ここまで見てきた都市伝説やトリビアから、『天空の城ラピュタ』の面白さの正体が見えてきます。それは、何度観ても観客の想像力をかき立てる、作り込まれた世界観です。 特に注目すべきポイントは、現実と架空世界の融合が、とてもバランスの良いものであるということ。実在するマチュピチュなどを思わせる幻想的な空中都市の存在、そしてイギリスのウェールズに訪れた実体験から生まれた炭鉱の町。 これらの風景は、色彩豊かなアニメーションで生き生きと描かれ、すべての人にとって入り込みやすい場所でありながら、どこか異空間のような雰囲気も両立しているのです。 また登場人物の裏設定なども、作品をより楽しませてくれる要素の1つ。女海賊ドーラの母親的な役割によって子供たちが支えられ、子ども2人による壮大な冒険活劇ながらも、綺麗にまとまっています。 さらには産業革命の時代がテーマというしっかりとしたコンセプトに、『ガリバー旅行記』や『砂漠の魔王』といった複数作品のエッセンスが調和し、『天空の城ラピュタ』という1つの世界観を作っているのです。 この世界観にはこれら多数の要素が盛り込まれていながら、作中ではそのすべてを語ることはしません。だからこそ観る人は、そこから自由に想像を膨らませ、何度でも楽しむことができるのではないでしょうか。 そうして結果的に『天空の城ラピュタ』は、30年以上経っても愛され続ける不朽の名作となっているのです。

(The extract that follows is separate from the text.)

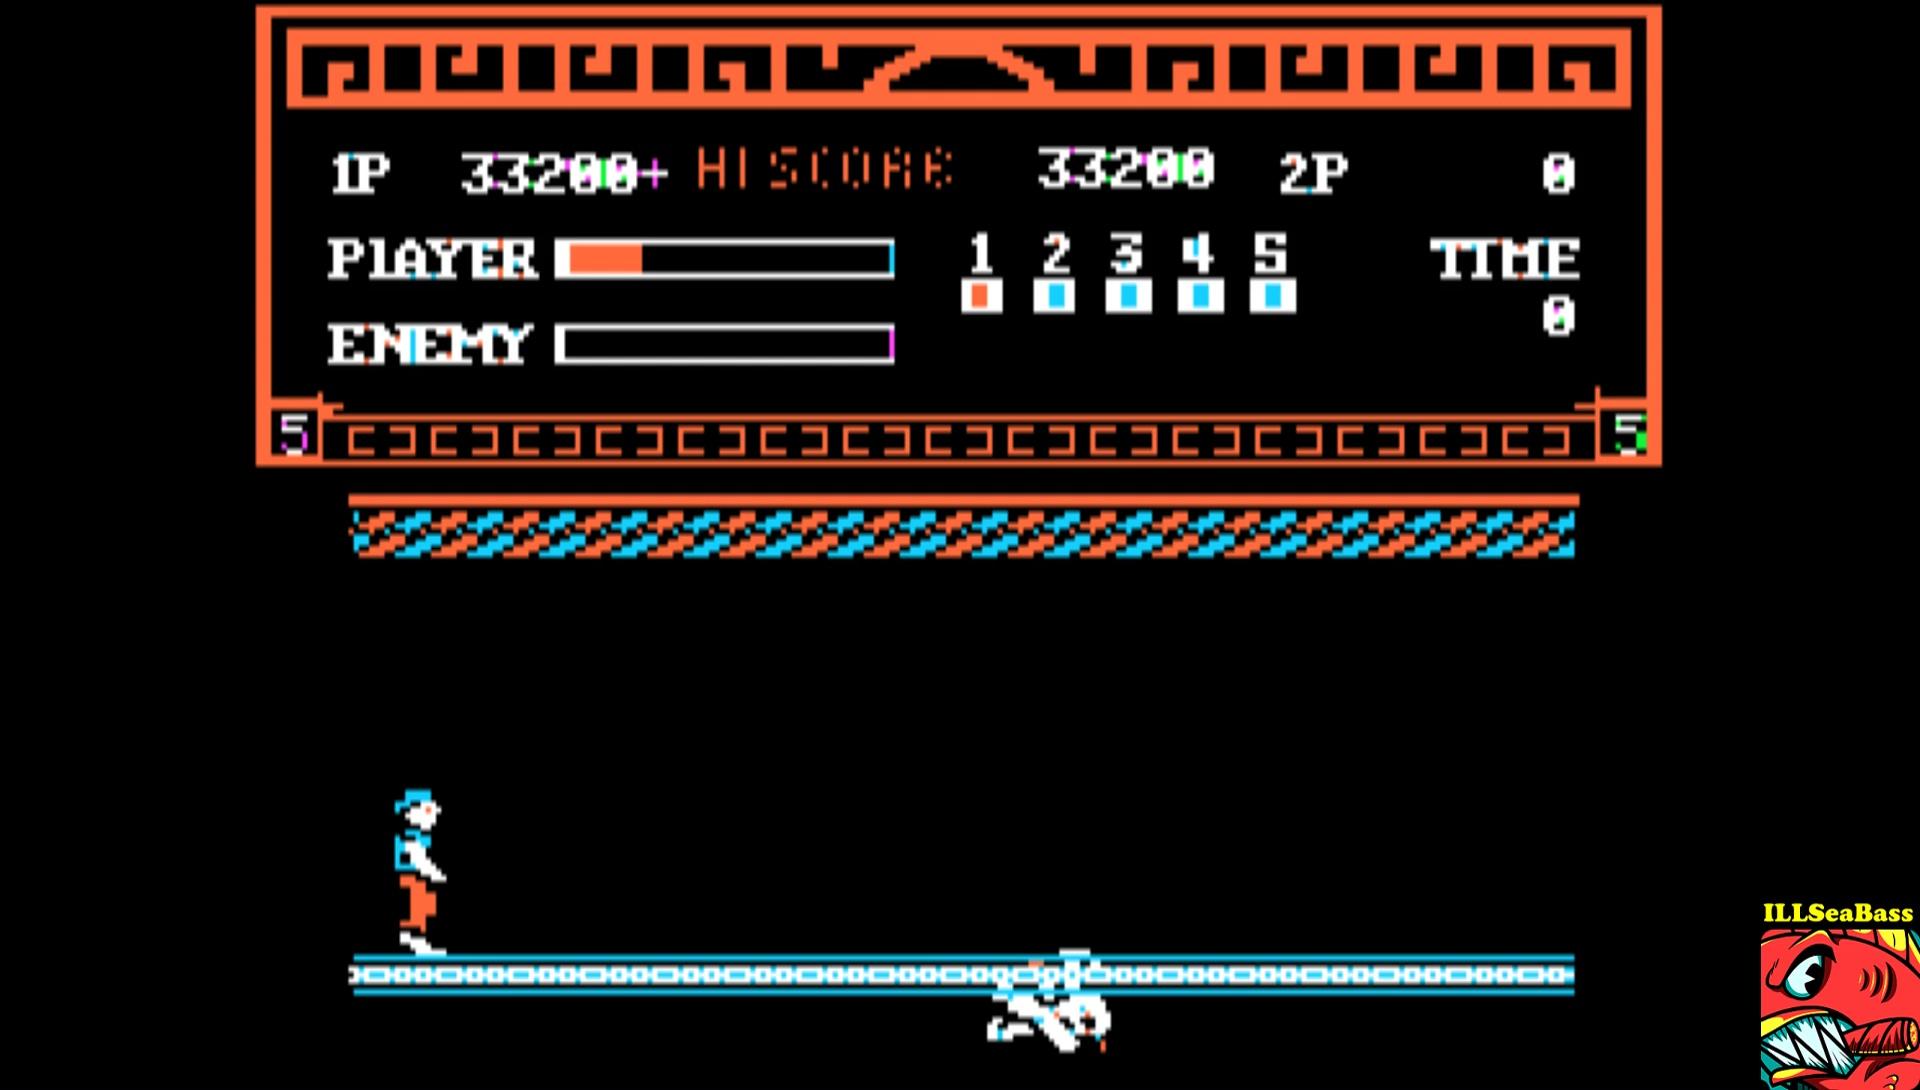 ILLSeaBass: Kung Fu Master (Apple II Emulated) 33,200 points on 2017-02-23 00:24:05

『天空の城ラピュタ』ネタバレ考察や都市伝説を知るともっと面白い

この記事では『天空の城ラピュタ』について都市伝説やトリビアを解説しながら、作品の魅力をひも解いてきました。 本作の魅力をひとことで言い表すとすれば、多くの要素が絡み合って生まれた壮大な世界観です。宮崎駿作品すべてにいえることかもしれませんが、彼は自らの経験を作品に落とし込み、魅力あふれるものに仕上げています。 そして観客は世界観に含まれる多様な要素から、想像力をかき立てられることでしょう。宮崎駿監督のジブリ作品に都市伝説が多いのは、観た人が想像を膨らませて、物語をのその先を想像したくなるからではないでしょうか。